For example, section 74(1) of the Lagos State Land Registration Law (Cap L41, Laws of Lagos State 2015) provides that dealings in land shall be effected by deed and section 74(3) of the Law provides that “[a] document for which no form is provided shall be in such manner as the Registrar may approve”.
If the 2021 Bill is signed into law, it would be necessary for the corporation to launch an awareness drive directed at all institutions whose operations may be impacted by the amendment. Examples of such institutions are the land registries of all the states.
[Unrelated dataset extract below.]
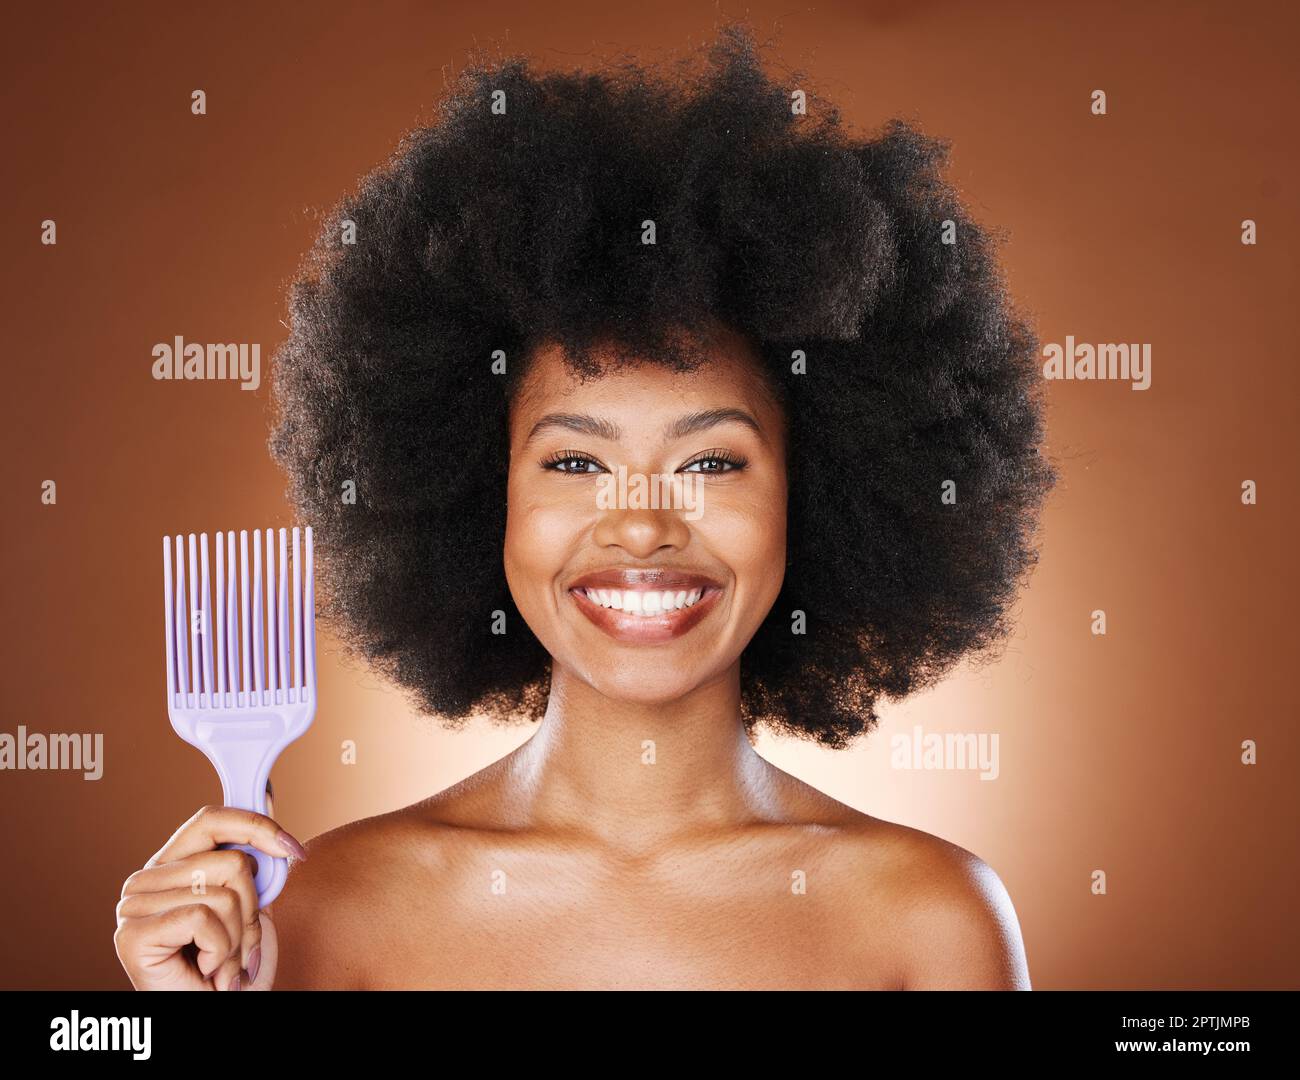 Soins capillaires, afro et portrait de femme noire avec peigne pour le bien-être,  le soin de toilettage ou la croissance saine des cheveux. Salon, brosse et  visage de l'Afrique Photo Stock -

- Tenor and Dissolution date of the Corporation
Section 61 of the AMCON Act was affected by the two previous amendments and the 2021 Bill proposes further amendments in the manner below:
- The amendment of the meaning of the word “tenor” as used in Part IX of the Act to mean “a period of 5 years from the expiration of the current tenor but may be extended by a resolution of the National Assembly for such further period as the corporation may determine with the approval of the Central Bank of Nigeria”.
The 2015 amendment had defined “tenor” as a period of 10 years from 2010 which may be extended by the National Assembly for a period not exceeding 5 years.
The proposed amendment suggests that the drafters envisage the possibility that the corporation would be around for a much longer time than initially envisioned. This is not a surprise given the many AMCON claims pending at trial courts and its over N4 trillion debt portfolio.
- The introduction of a definition for the phrase “dissolution date” which means “a date to be determined by the Board of Directors of the corporation with the approval of the Central Bank of Nigeria”.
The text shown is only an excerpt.